We win, because anything less would not be maximally wonderful.
Caledonian, if you want to build an AI that locks the human race in tiny pens until it gets around to slaughtering us, that's... lovely, and I wish you... the best of luck, but I think all else equal I would rather support the guy who wants to build an AI that saves the world and makes everything maximally wonderful.
"Would you have classified the happiness of cocaine as 'happiness', if someone had asked you in another context?"
I'm not sure I understand what you mean here. Do you think it's clear that coke-happiness is happiness, or do you think it's clear that coke-happiness is not happiness?
If you think you're so much better than philosophers, why don't you program an AI to write publishable philosophy papers, hmm?
I'm not sure it makes sense to talk about morality being "amazed" by anything, because morality doesn't predict, but certainly morality is high-fiving the human brain for being so awesome compared to say rocks.
If L:ob's theorem is true, then surely we can use it without any reference to the details of its proof? Isn't the point of a proof to obtain a black box, so that we do not have to worry about all the various intermediate steps? And in this case, wouldn't it defeat the purpose of having a proof if, to explain how the proof was misapplied, we had to delve deep into the guts of the proof, rather than just pointing to the relevant features of its interface?
Pretty sure I see it, not sure if I'm supposed to give it away in the comments.
(It did not seem all that medium hard to me, so maybe I didn't get it after all, and in that case I had better not post it and embarass myself.)
I kind of think humor, music and art are pretty cool, myself.
I came up with, a decision or belief is arbitrary if it is not caused by the factors that would be expected to cause that sort of decision or belief. This reduction has the nice quality that it also explains arbitrary variable choices in mathematics - for example if you are trying to show that your compression algorithm gets good results on arbitrary data (heh), then it is data that was not, as might be otherwise expected, chosen to play well with your compression algorithm.
I wouldn't mind being blissed out by iron atoms, to be quite honest.
From the perspective of warding off nuclear apocolypse being the overriding concern, perhaps the play would have been not to drop the bombs on Japan so we could save them to drop on the USSR. If we had invaded Russia at that point we could perhaps have stopped nuclear proliferation with just one nation having the bomb.

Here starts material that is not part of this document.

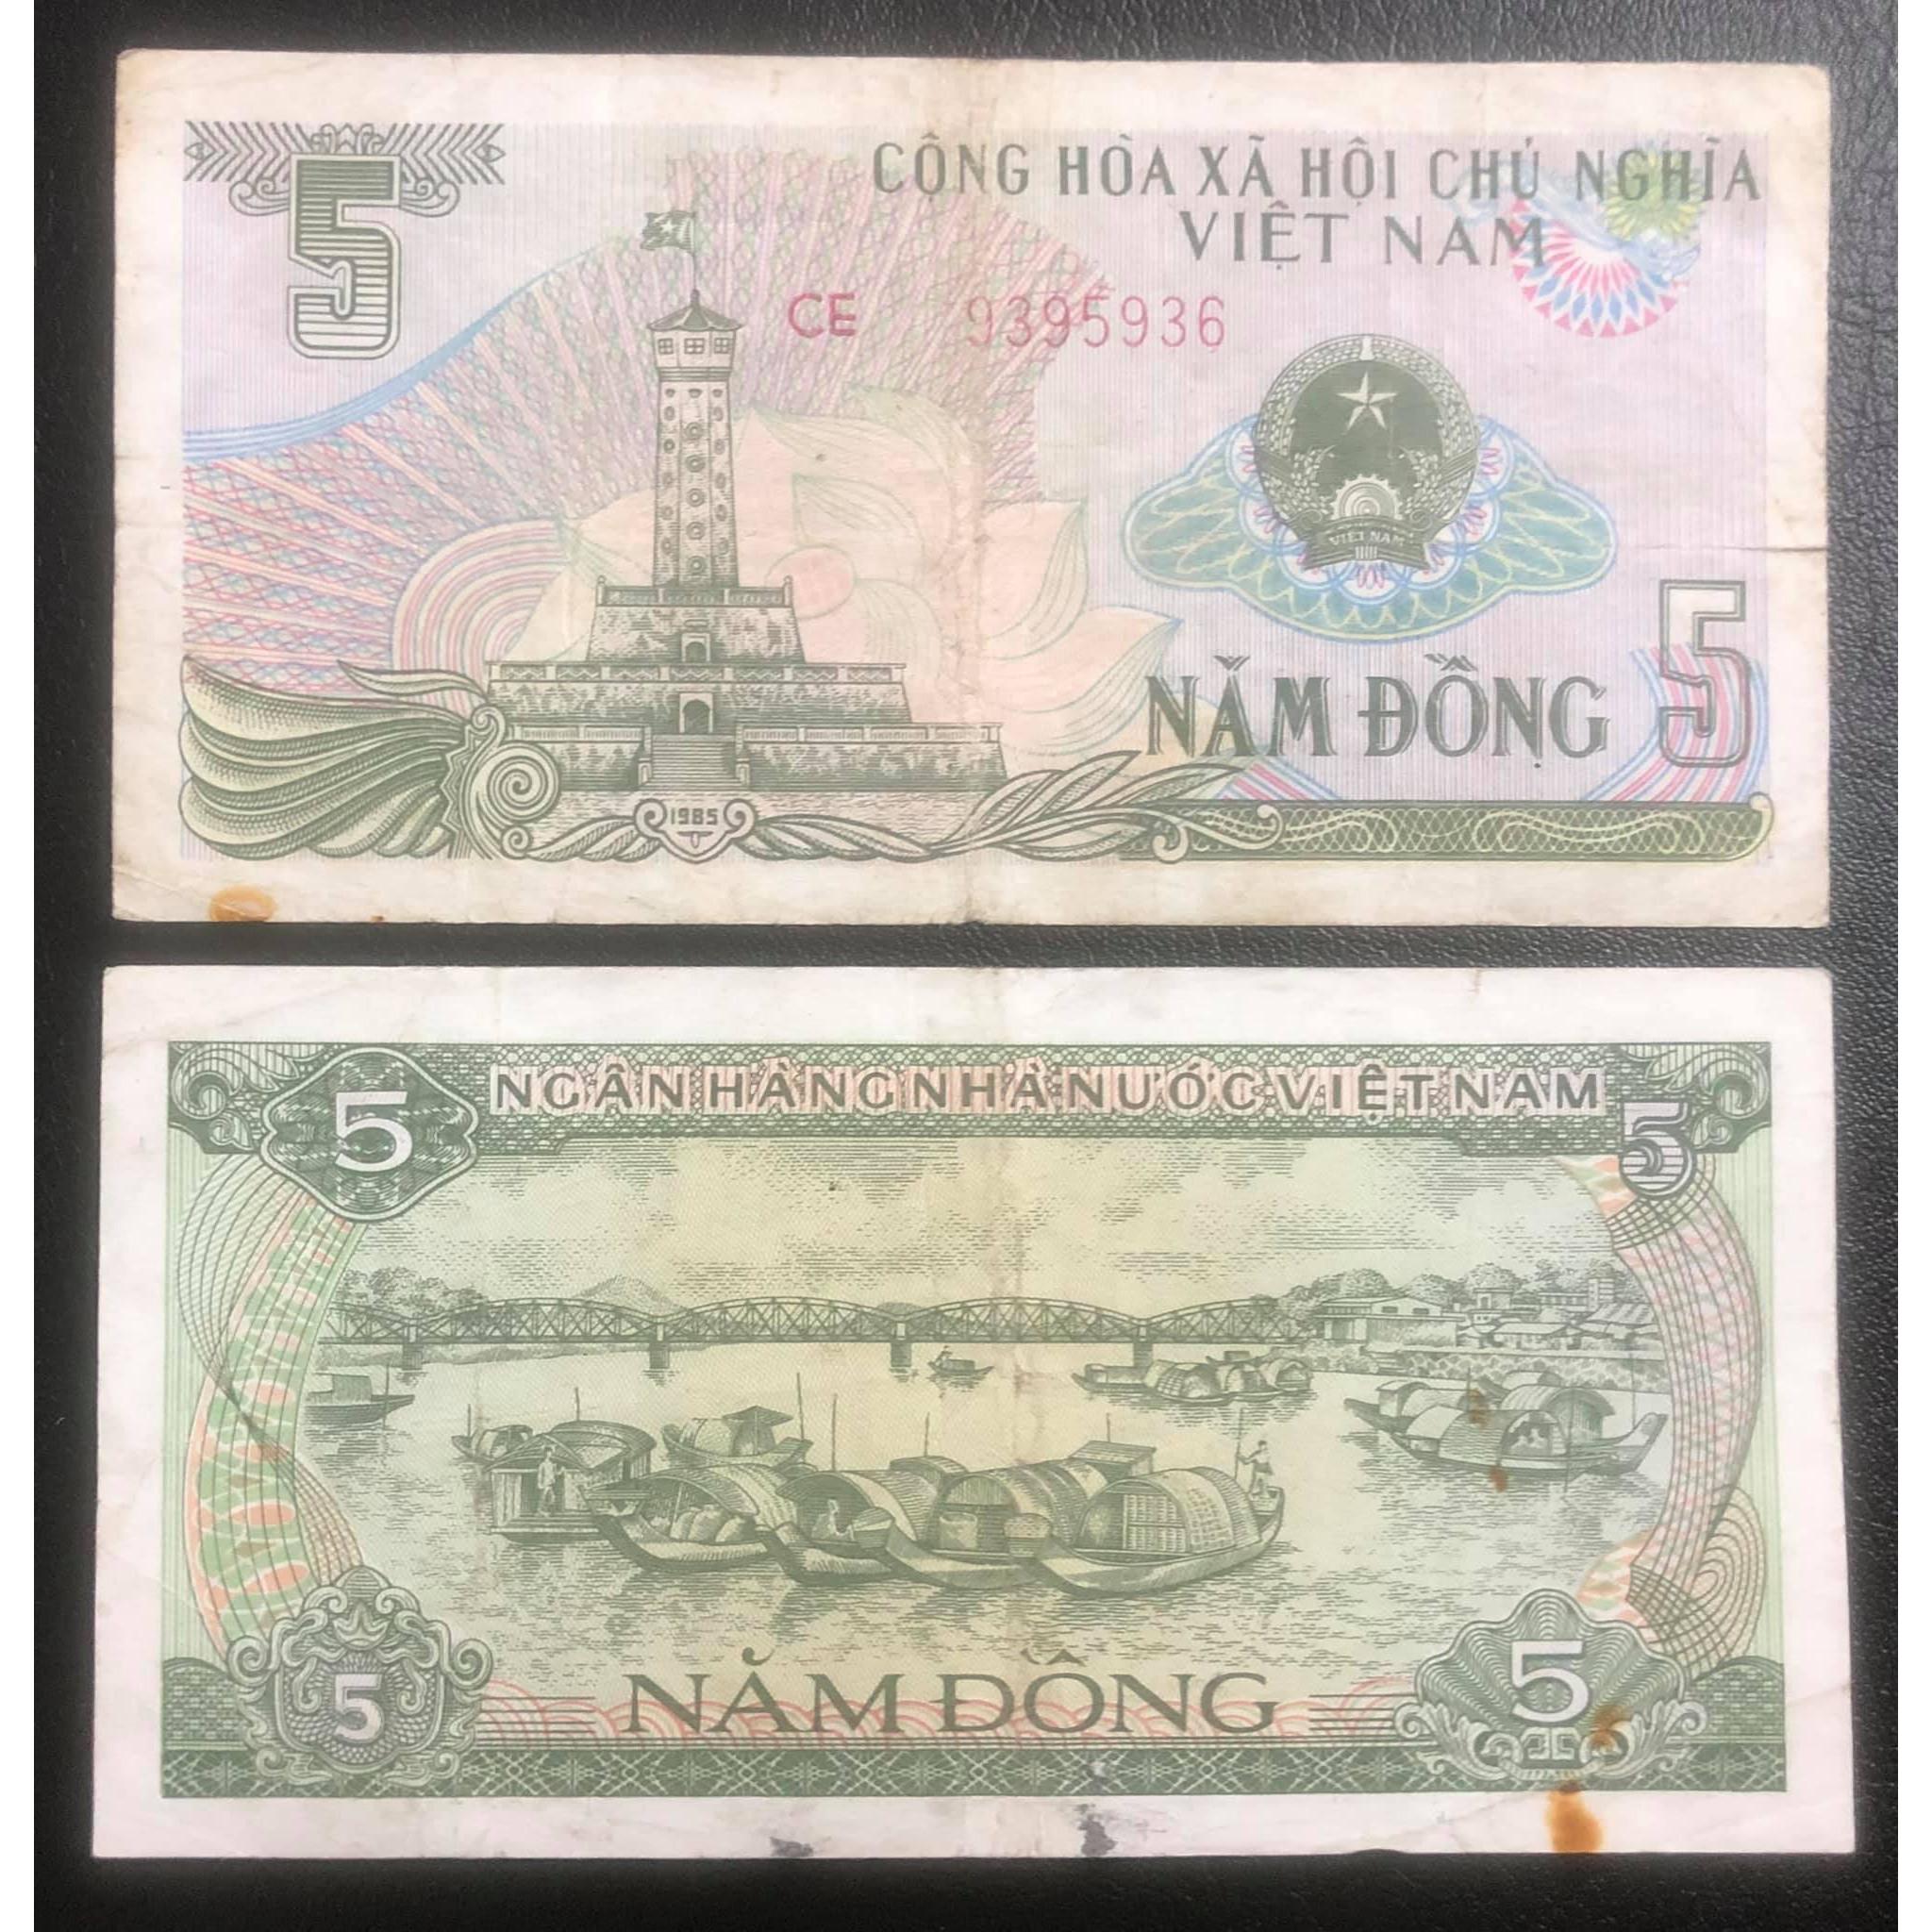 Tờ 5 đồng 1985 Cầu Tràng Tiền ở Huế, tiền xưa bao cấp sưu tầm

And after that point, if anybody else even looks funny at an atom, we invade their country and put all their scientists to the sword.

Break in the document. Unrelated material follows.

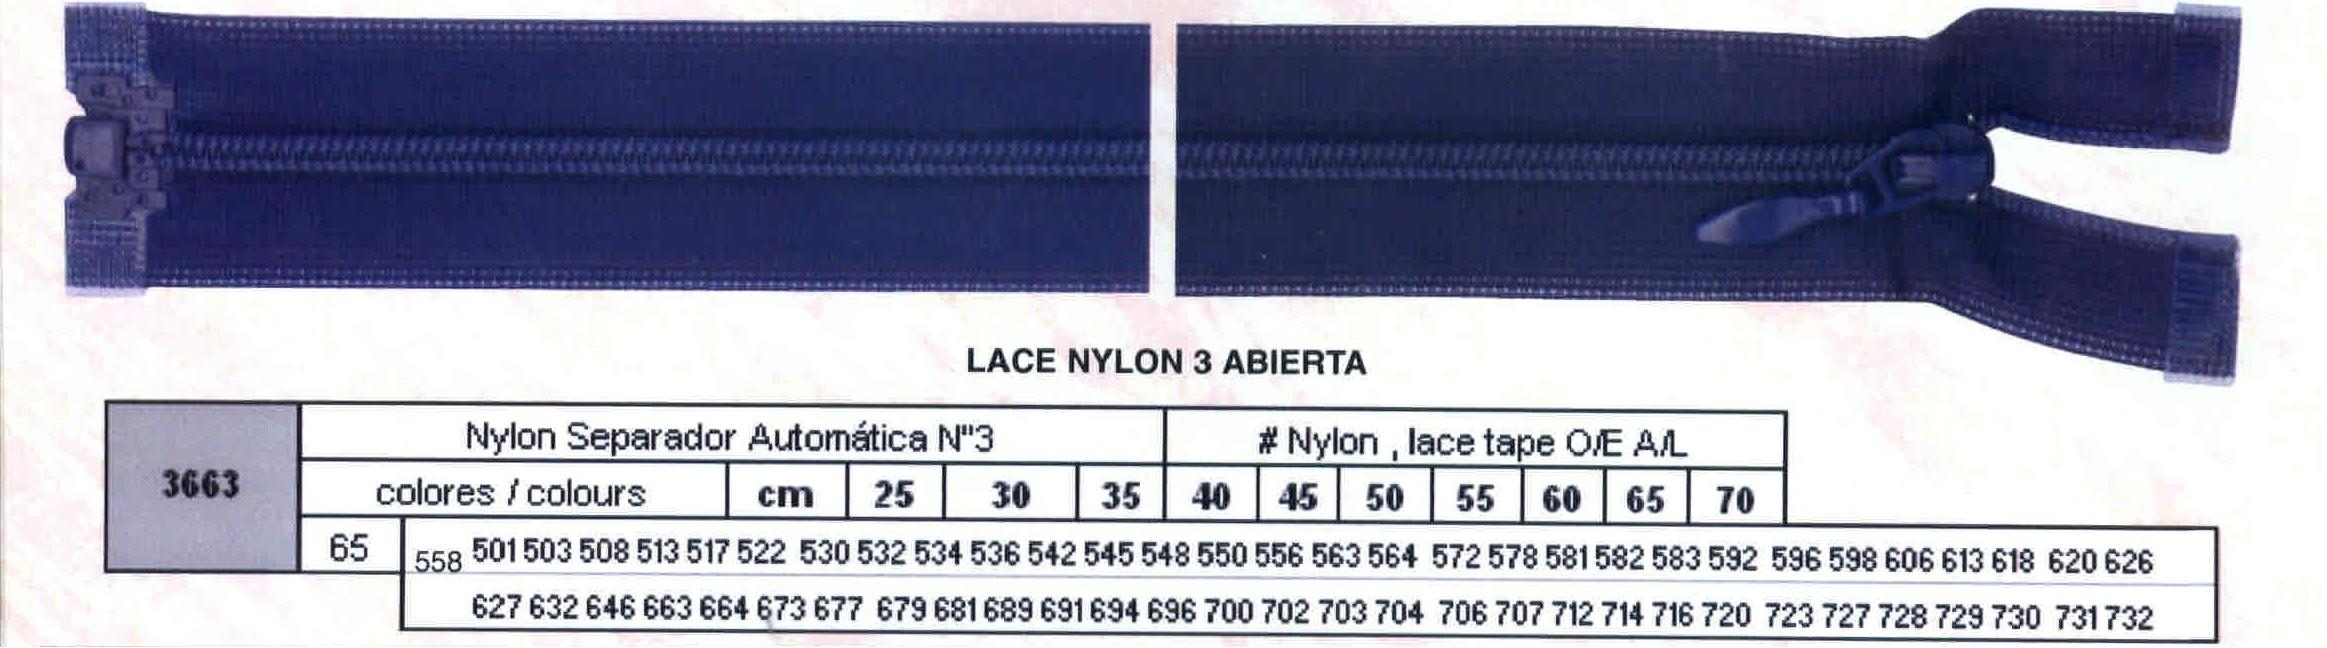 Cremallera SNS Nylon Separador Automática num.3 Ref. 003663

Or is that not a nice enough solution?
Hardly any phenomena are like us, though. You can't hold a conversation with gentrification, or teach nitrogen narcosis to play piano.
It strikes me that if you want to rank phenomena as to how like us they are, you have a bunch of humans with gigantic numbers, and then chimps and chatbots rolling around at about .1, and then a bunch of numbers small enough you want scientific notation to express them.
Okay, so morality can be computed within my brain but still have a meaning regarding things outside my brain. But in order to do that, my brain's sense of morality has to be entangled with something outside my brain. What is it entangled with?